This trio of psalm settings from three fringe composers confirms the remarkable variety and quality of the musical scene in turn-of-the-century France. Truly, it's amazing that these works are hardly ever performed.
I've been listening a couple of times to Ropartz' setting of Psalm 136 (in the Greek numbering) and the work continues to grow in stature. It's the earliest of the three pieces, composed in 1897. Ropartz makes skillful use of the chromatic, Franckian idiom. The 15 minute piece is clearly structured in three parts: a slow introduction built around a beautiful, doleful theme that is evocative of the yearning of the Jewish people in exile. Follows an animated and fugato middle section that introduces a suitable element of monumentality. A short, quiet coda brings the work to an end. It's a thoroughly worthwhile listening experience and certainly the best work on this CD. It encourages me to seek out Franck's magnum opus Les Béatitudes which was finished in 1879 but publicly performed only in 1891. This was also the work that Ropartz conducted when he took his leave from his public duties as administrator and teacher at the Strasbourg conservatory in 1929.
Florent Schmitt is a composer that is as good as unknown to me. Years ago I listened a few times to his Mirages for piano which I quite liked. But I never ventured any further in exploring this body of work. In my mind the name is associated with exoticism and excess.
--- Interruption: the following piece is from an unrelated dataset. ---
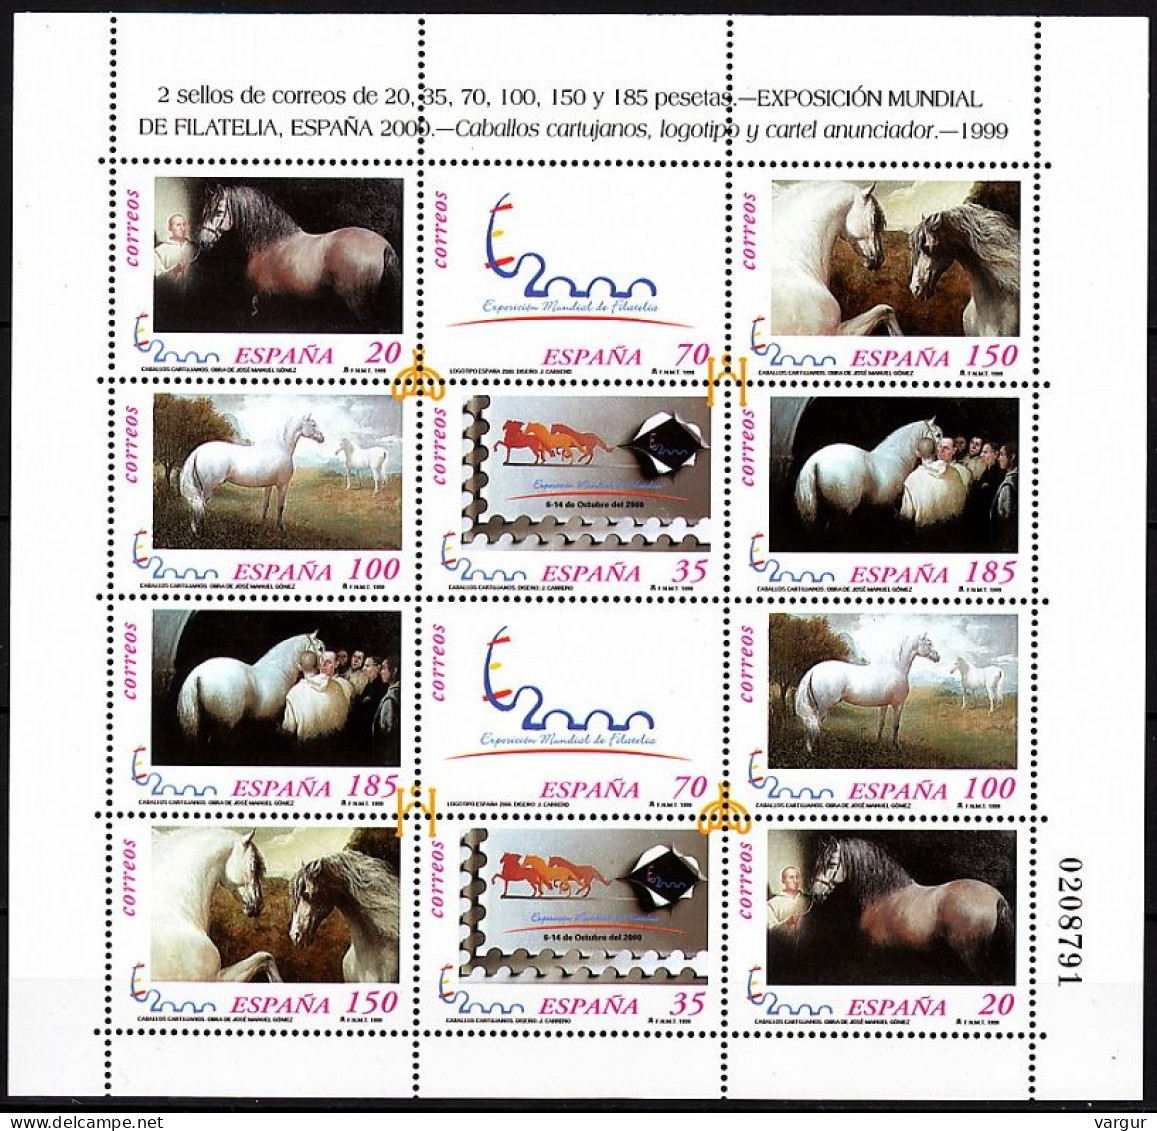 SPAIN 1999 Philately: Stamp Expo ESPANA-2000. Horses. MINI-SHEET, MNH - Caballos

Quite a surprise to learn then that his setting of Psalm 47 (or 46, depending on the numbering) is such an approachable work. In fact, in a way it exhibits the most conservative idiom of the three works assembled here. It was written in 1904. On the surface it sounds like a barbaric paean with blistering fanfares and heaven-storming tutti. But the harmony is reassuringly diatonic, reminding me of Berlioz, Bizet and, most of all, Rimsky's Sheherazade (1888). In its compact, exultant writing for the full orchestra and chorus it points to the Veni Creator Spiritus in Mahler's Eighth, to be composed two years later (1906). Anyway the modernism seems to be more pose than substance here. It's hard to believe the story that Stravinsky was so enthused about Schmitt's work (not only the Psalm, also his Tragédie de Salomé) that he leaned on it whilst writing the Sacre. Schmitt's Psaume XLVII certainly makes for an enjoyable audition, but to my mind it's not particularly great or subtle music.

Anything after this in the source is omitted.